Gordon McQueen made nearly 200 appearances for Manchester United between 1978 and 1985, following the centre-back’s spell at Leeds – where he stepped out just shy of 150 times.
The former Scotland international, 68, was diagnosed with dementia in February, three months after England great Bobby Charlton’s dementia diagnosis. Fellow 1966 World Cup winner Nobby Stiles suffered from Alzheimer’s before his death in October last year, while England team-mate Jack Charlton lived with dementia before passing away last July.

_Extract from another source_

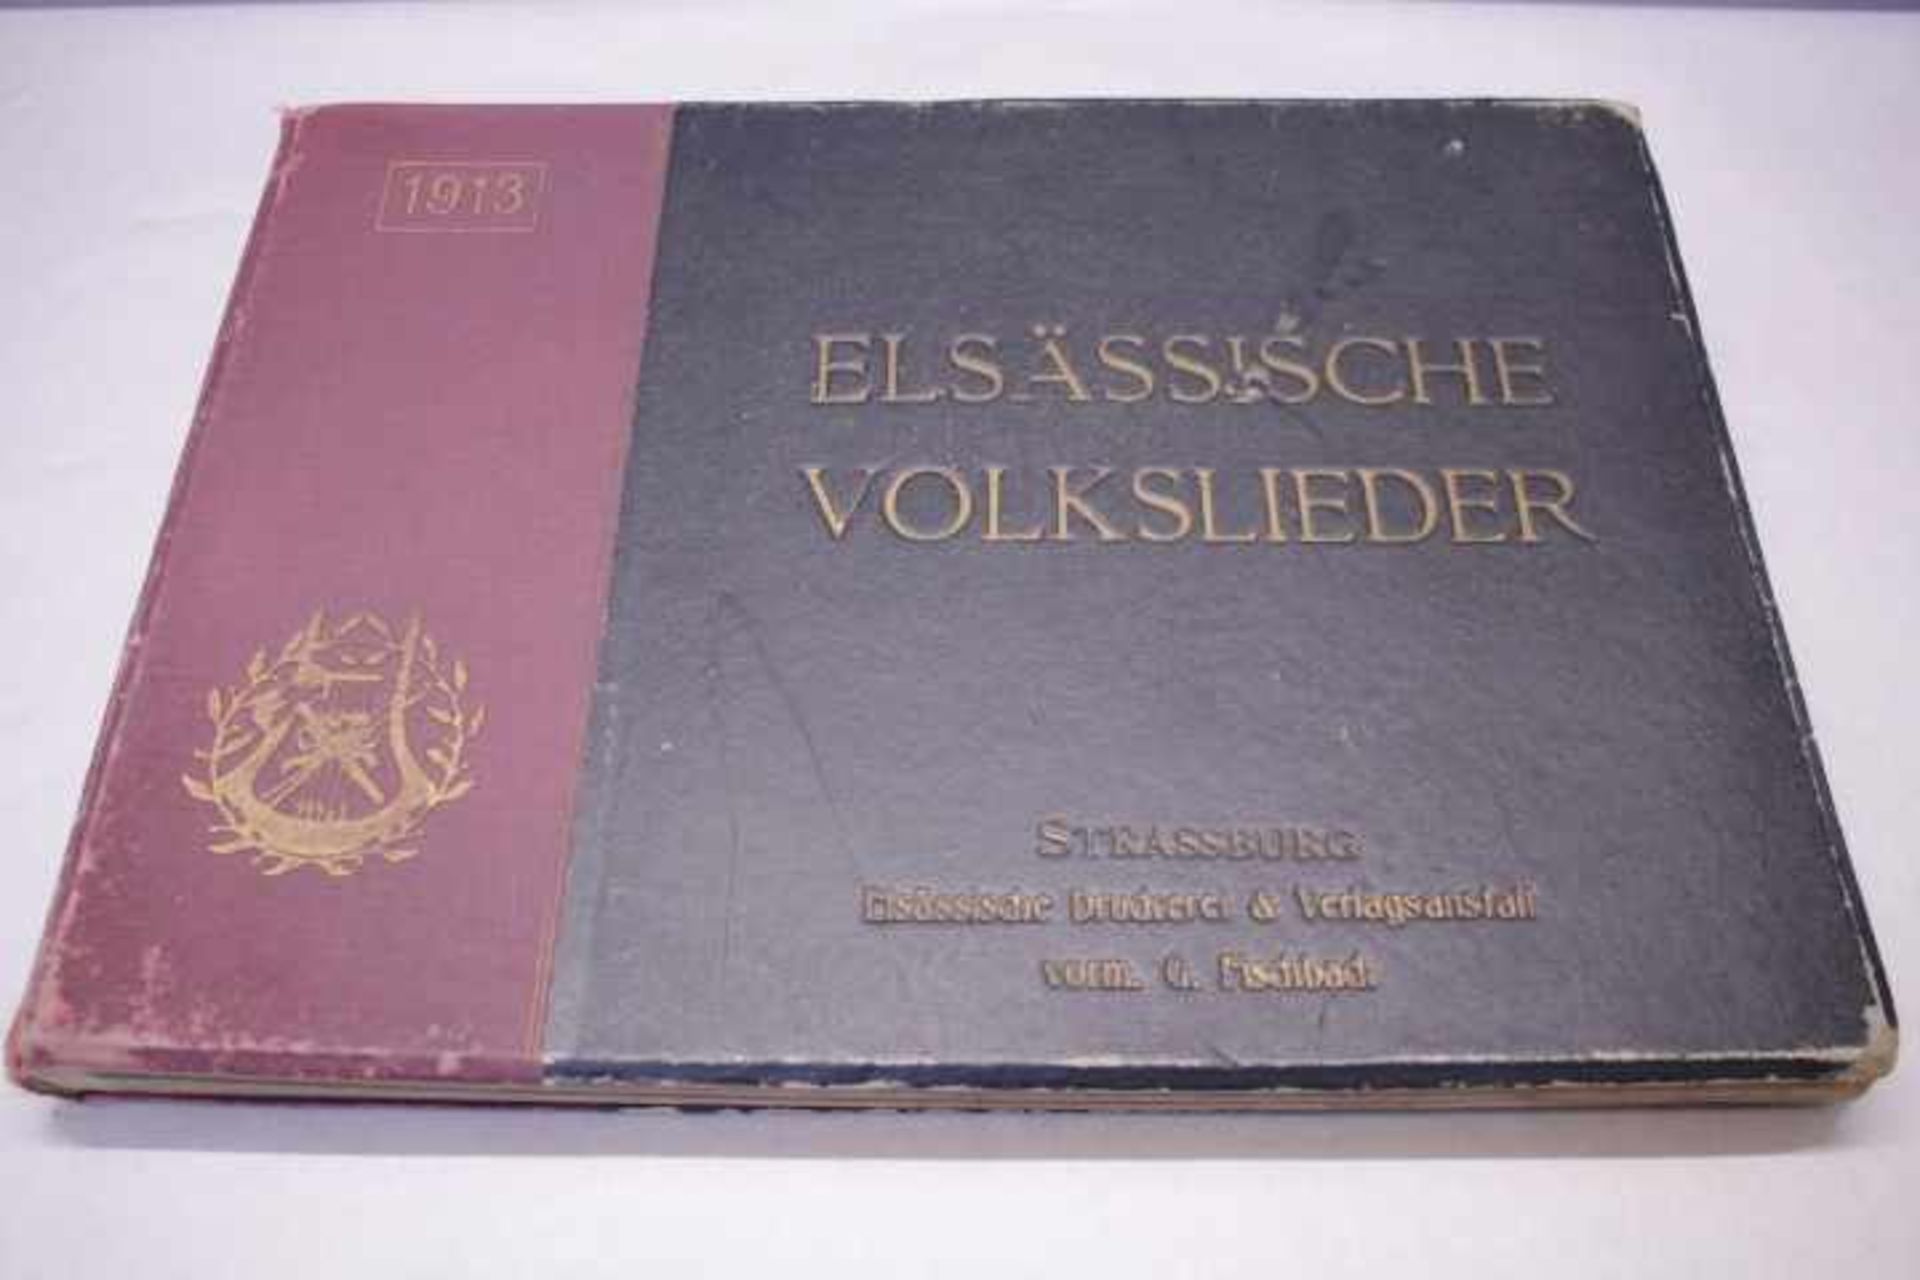 Elsässische Volkslieder 1913Druckerei & Verlagsanstaltvorm. G. Fischbach,Strassburg,,
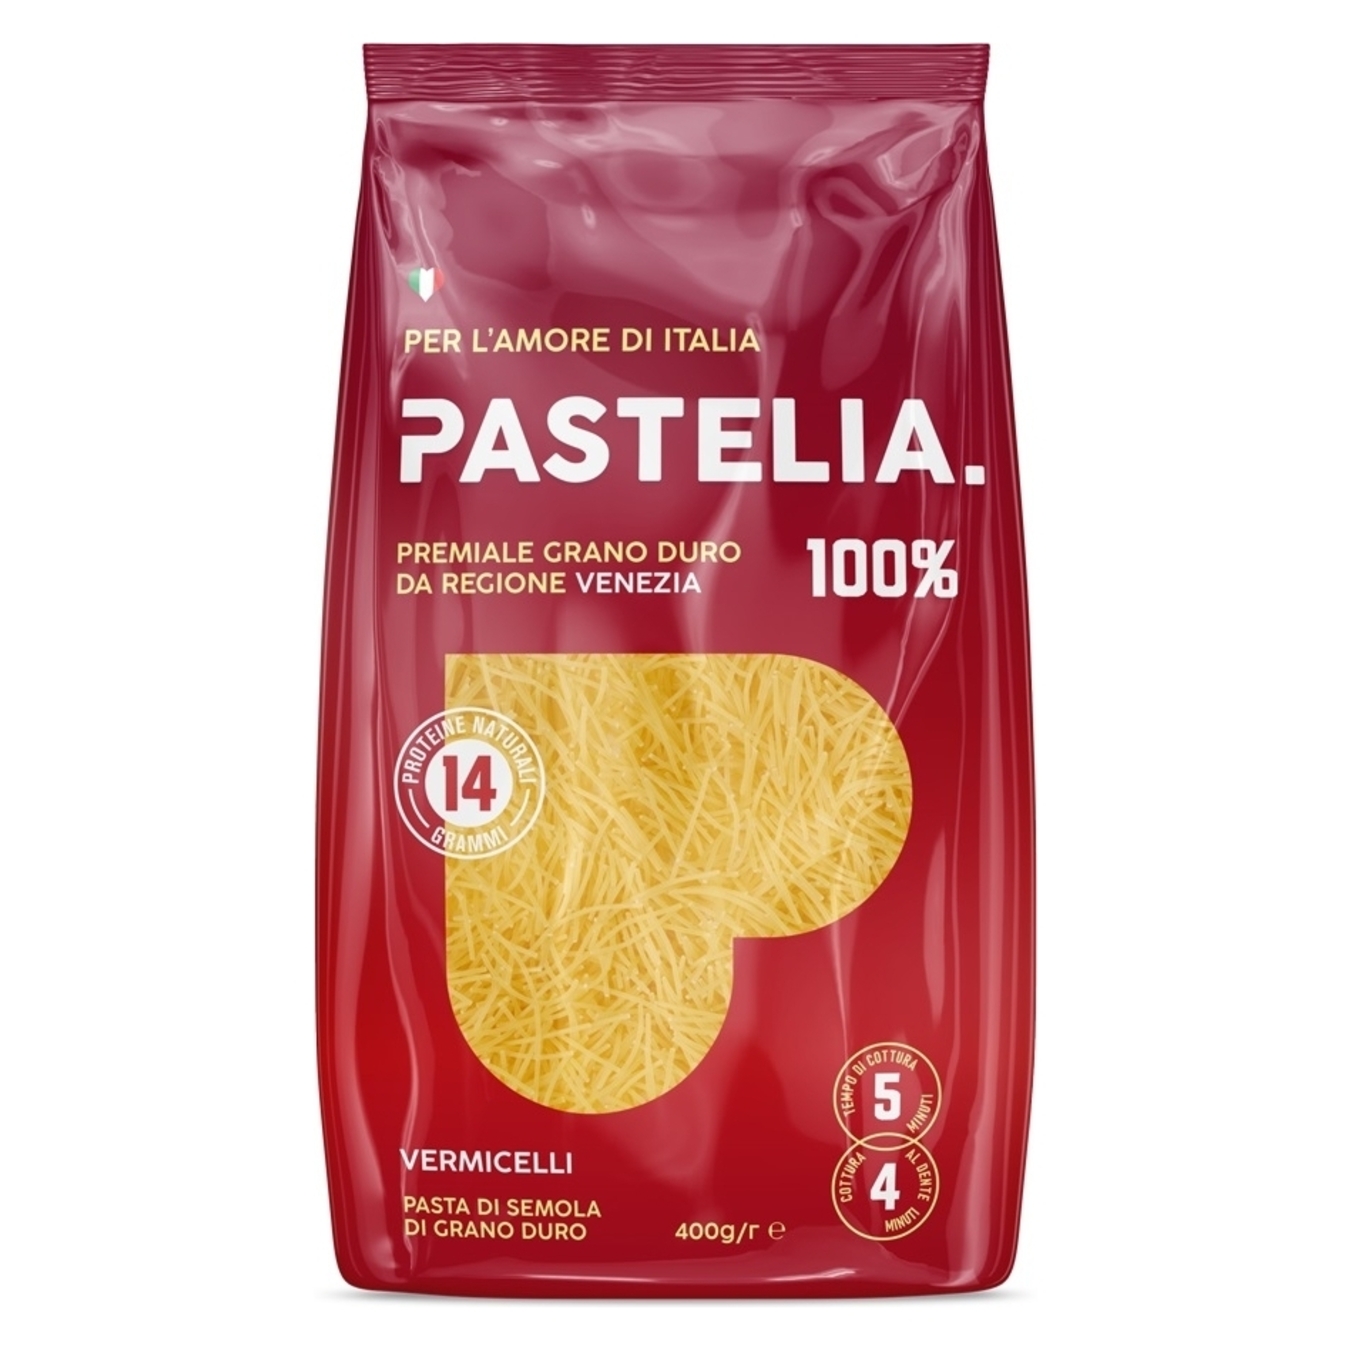 Pastelia Short Vermicelli Pasta 400g

READ MORE: How Jack Charlton documentary celebrates glory and confronts dementia
McQueen’s daughter Hayley, 41, is one of Sky Sports leading presenters, and told BBC Breakfast on Tuesday: “Everyone’s dad is their hero. I didn’t realise he was other people’s hero as well.
“I don’t think I really understood what he did until I was eight or nine. There have been moments where I’ve thought: ‘I can’t believe the thing that gave him so much love has now so cruelly taken a lot away from us.’
“He started to ask: ‘When am I going to get this sorted? When is someone going to fix my head?’ We were kind of hoping it wouldn’t be dementia, but I think we all knew it probably was.
“He said a few years back: ‘If I ever have dementia or Alzheimer’s then I don’t want to know,’ but he actually did want to know what was wrong with him and wanted to try and understand and maybe work with others to make sure the next generation of footballers aren’t in this situation.”
Tuesday sees the Department for Digital, Culture, Media and Sport’s inaugural hearing on concussion in sport, as attempts are made to reduce the number of head injuries as well as the brain diseases that could stem from them.
“Sport and football, you enter into it thinking: ‘It’s going to mentally and physically better me, it’s going to prolong my life,’” Hayley said. “You don’t think at 60 years old you’re going to have brain damage from something that you love.
“I don’t think I realised just how much my dad used his head. It was over and over, every day in training for years and years.
“He said he wouldn’t take back any of his goals or headers that he remembers so fondly, but maybe he would have done things differently in training, had they had been warned.
“But you can’t get angry about that – there’s no one to blame, they weren’t to know. We know now and someone will be to blame if we don’t do something about it.”